Based on the super brief description, which of those four would you grab?


----------



## Bambi (Sep 11, 2011)

Oooo, ilove hole in the wall places like that. I would get the dragon halfmoon and or the blue and white halfmoon.


----------



## tpocicat (Aug 8, 2011)

We have one like that here too! The name is Seven Seas, so I thought it was mainly marine fish, but while they have them too, they have some absolutely beautiful Bettas! I got a half moon melano and red female there!


----------



## Rjb5584 (Sep 22, 2011)

Bambi said:


> Oooo, ilove hole in the wall places like that. I would get the dragon halfmoon and or the blue and white halfmoon.


The dragon hmpk or the standard dragon hm?

I spent two hours in there trying to decide before leaving so I could think about it some more.

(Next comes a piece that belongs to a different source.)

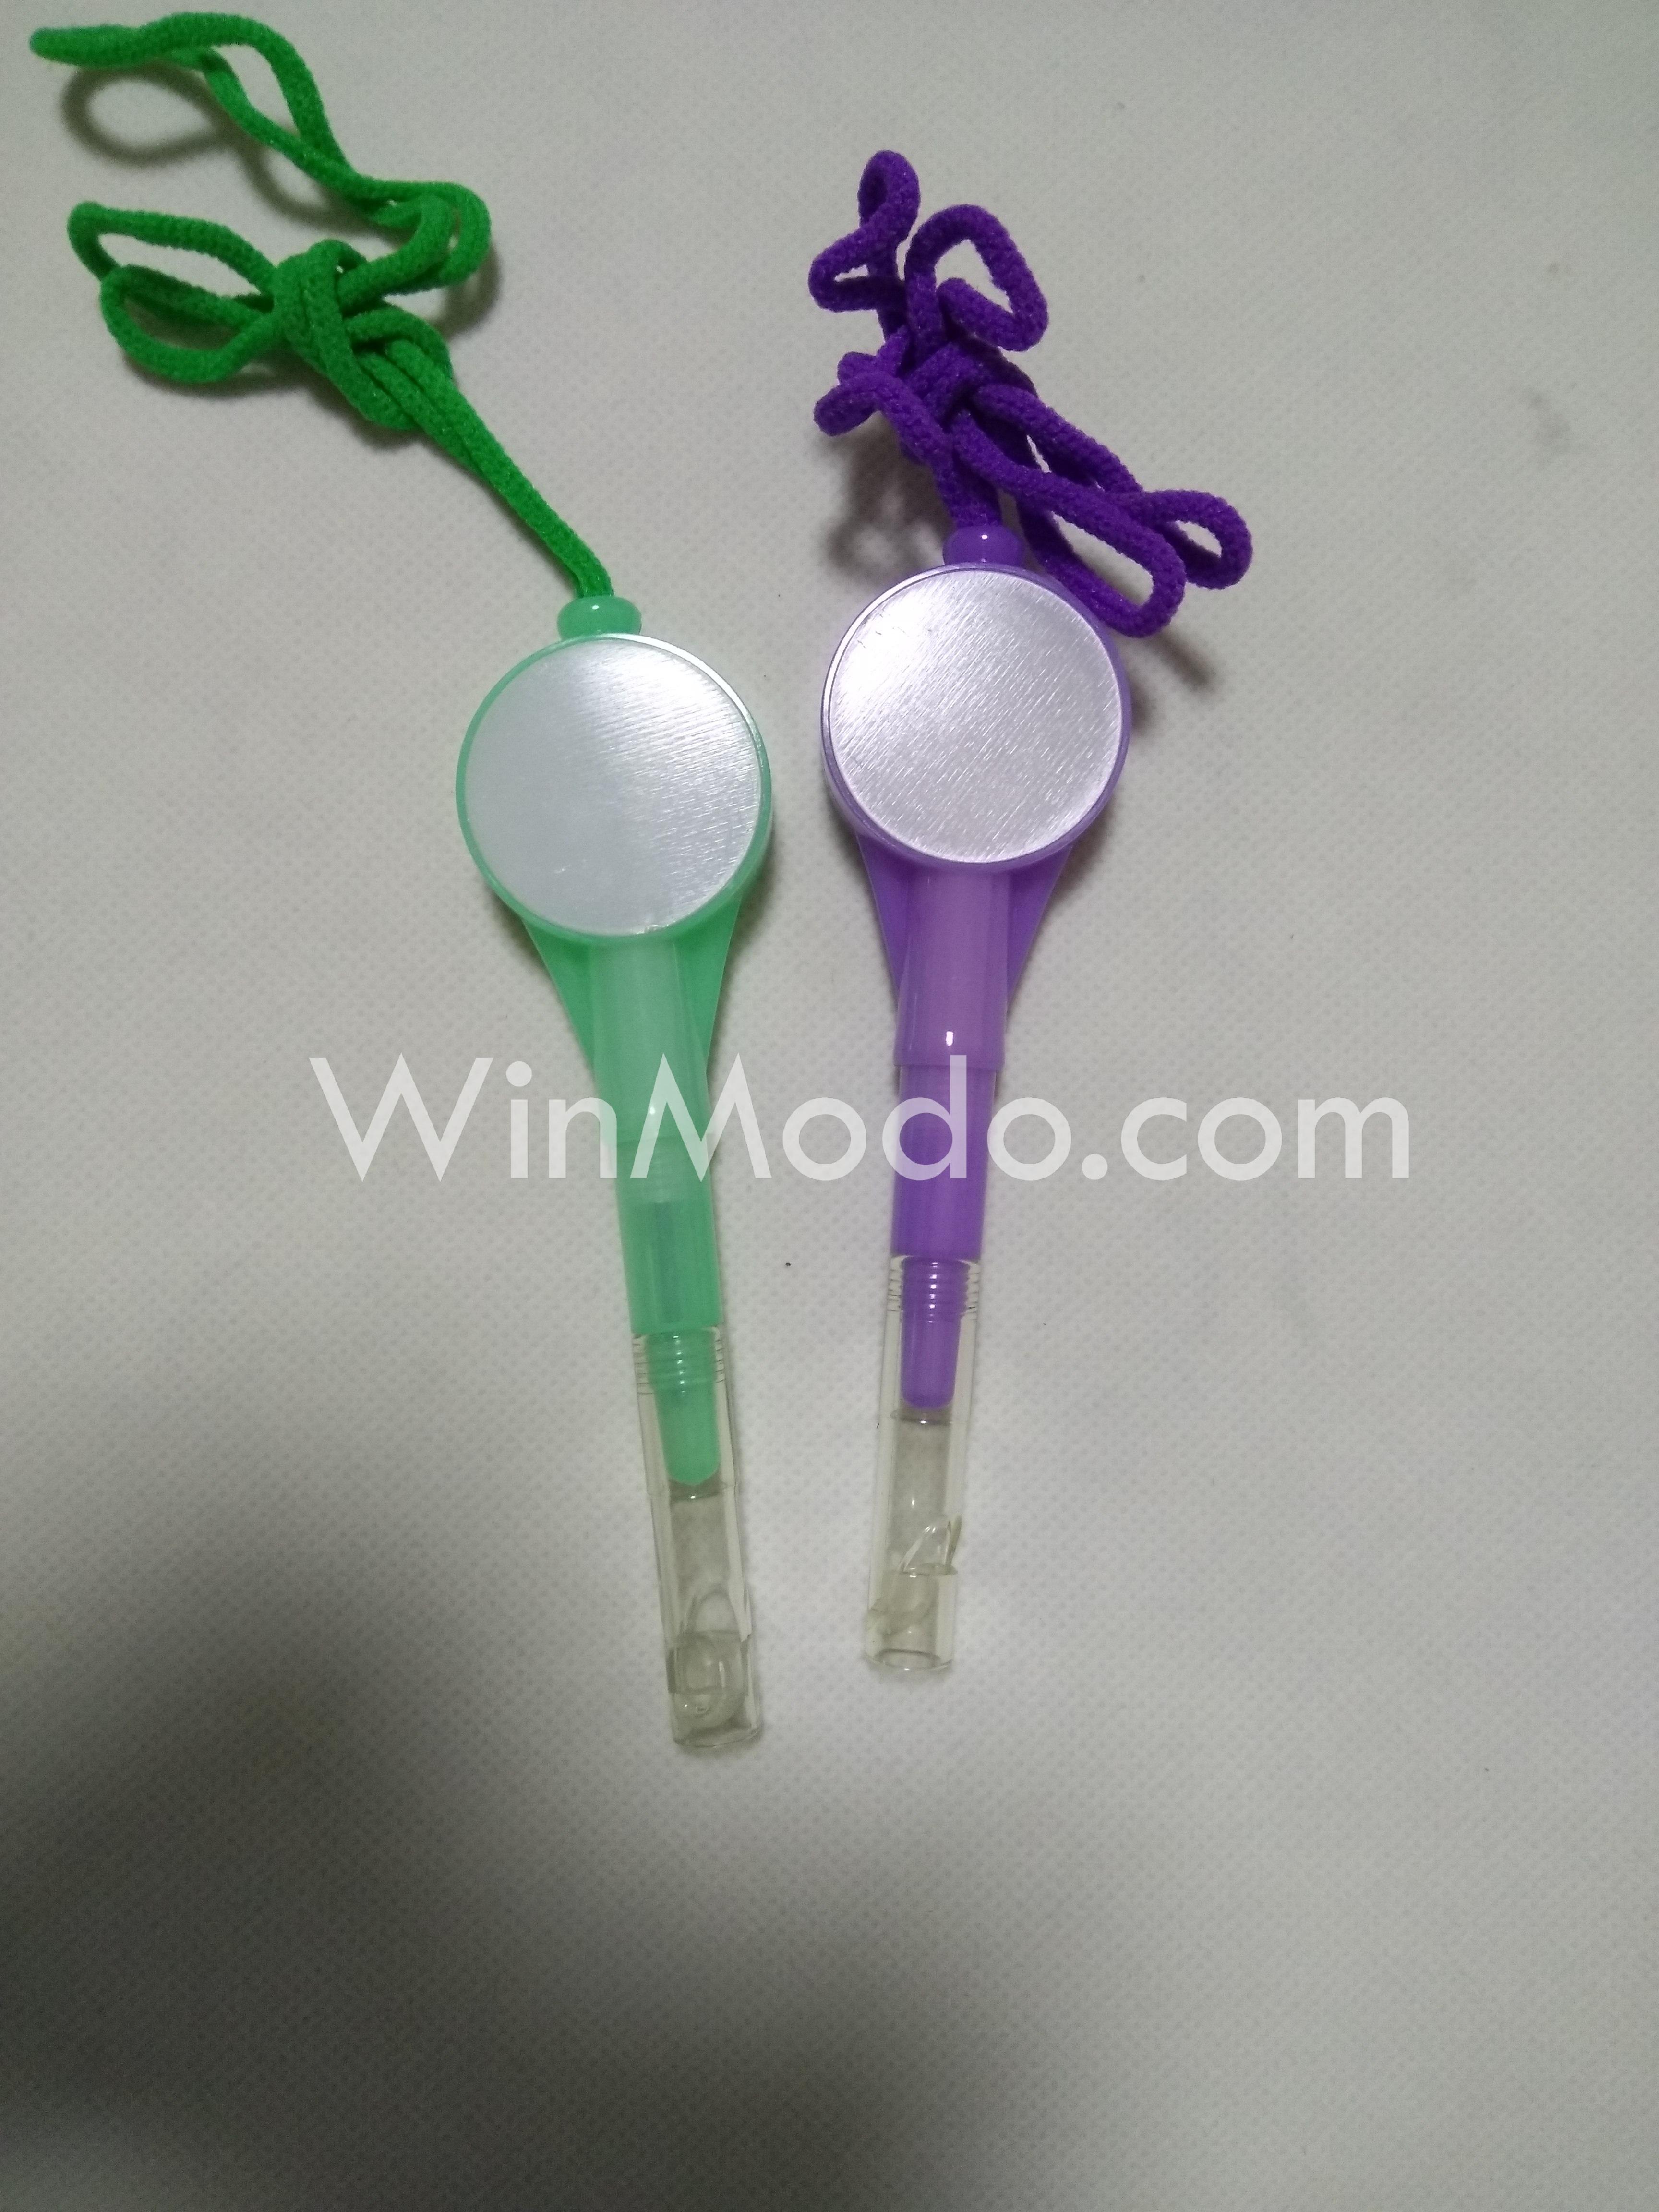 Whistle Pens

Yeah, this place is simply called "Tropical Fish", and their logo is a clown fish, so I figured it was all saltwater too, but it turns out the owner is a real hardcore betta enthusiast!


----------



## Bambi (Sep 11, 2011)

The standard halfmoon xD I love HMPK, but i'd love to see more dragom HM's around.


----------



## Rjb5584 (Sep 22, 2011)

I'm a little reluctant to get the non PKs cuz I already have a HM, a SDeT, and a DeT, but no PKs or CTs. But the color strength on both the non-PKs were literally jaw-dropping.


----------



## Bambi (Sep 11, 2011)

Haha then get the PK's xD Alot of the PK's coming around these days do have really awesome color, probably because they're not as focused on the fins as say a HM breeder would be(working for the ideal shape and all)


----------



## Nubster (Aug 1, 2011)

Where is this located? Website? Do they ship? Will you buy and ship? There isn't anyplace around me that has really nice Bettas other than Petco an hour away and a Petsmart about an hour twenty minutes away.


----------



## Rjb5584 (Sep 22, 2011)

I live in southern California. Not sure they have a website. They might ship--no idea. It was my first time there, so I have no idea what their policies are or what they are like.

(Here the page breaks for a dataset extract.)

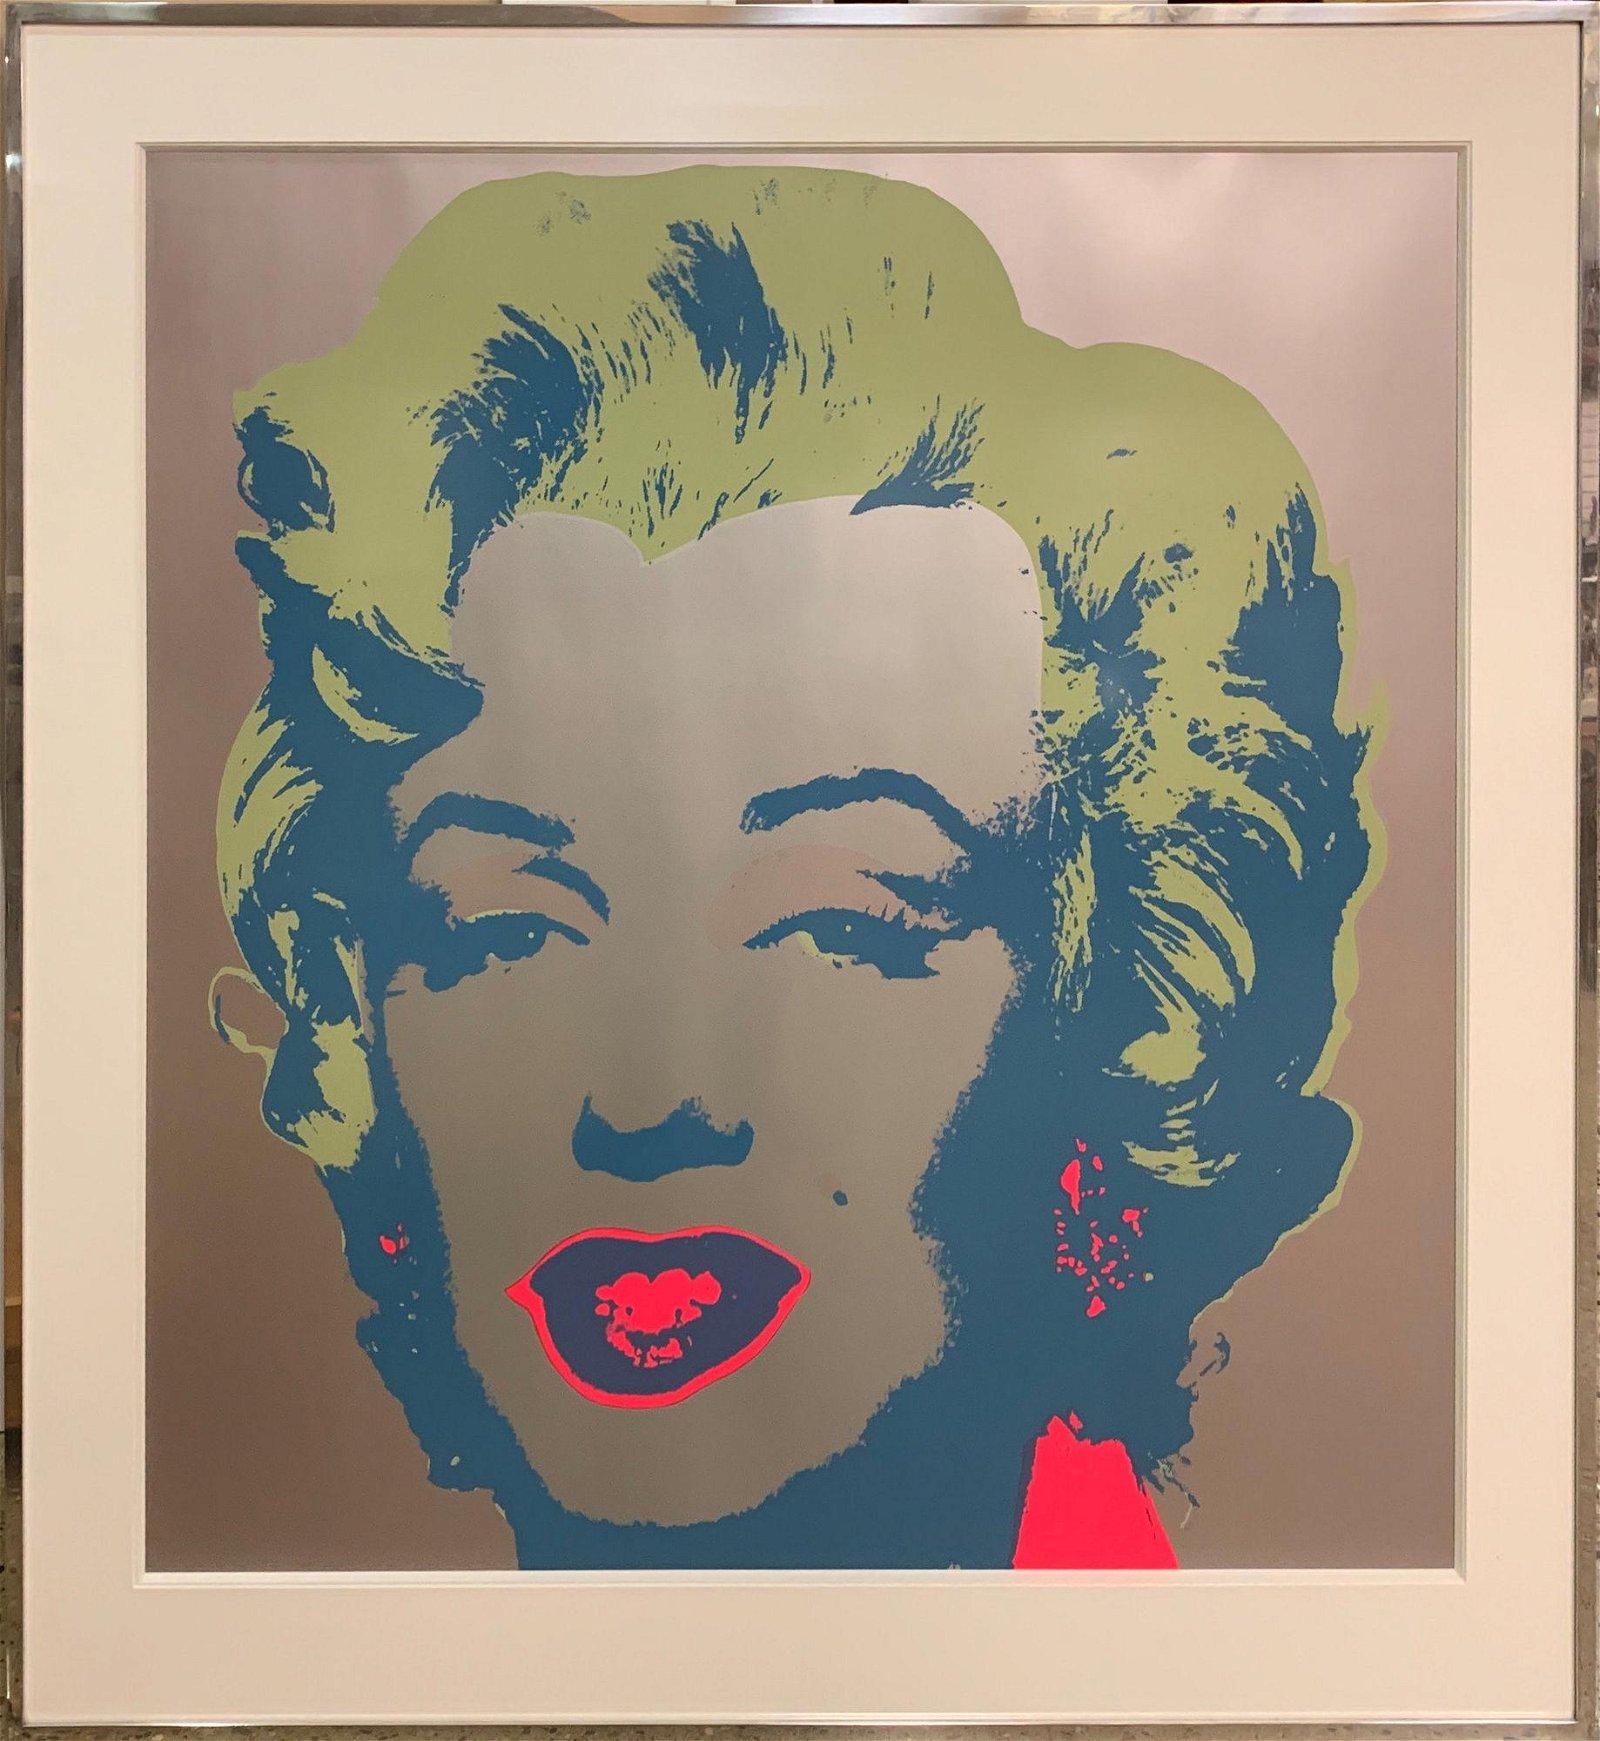 MARILYN MONROE POP ART ANDY WARHOL PRINT IN CHROME

I'd be open to the idea of shipping them, but I gotta check the legalities of it--I live in the most ridiculous state in the Union. We have laws that make little sense at best in some cases.

PM me with what you are looking for, and I'll keep an eye out, let you know if/when I find anything like that.


----------



## emeraldsky (Oct 4, 2011)

Thats awesome!

I actually just found somewhere like that too, I havent been there yet, going tomorrow, but Ive talked to the owner and it sounds promising.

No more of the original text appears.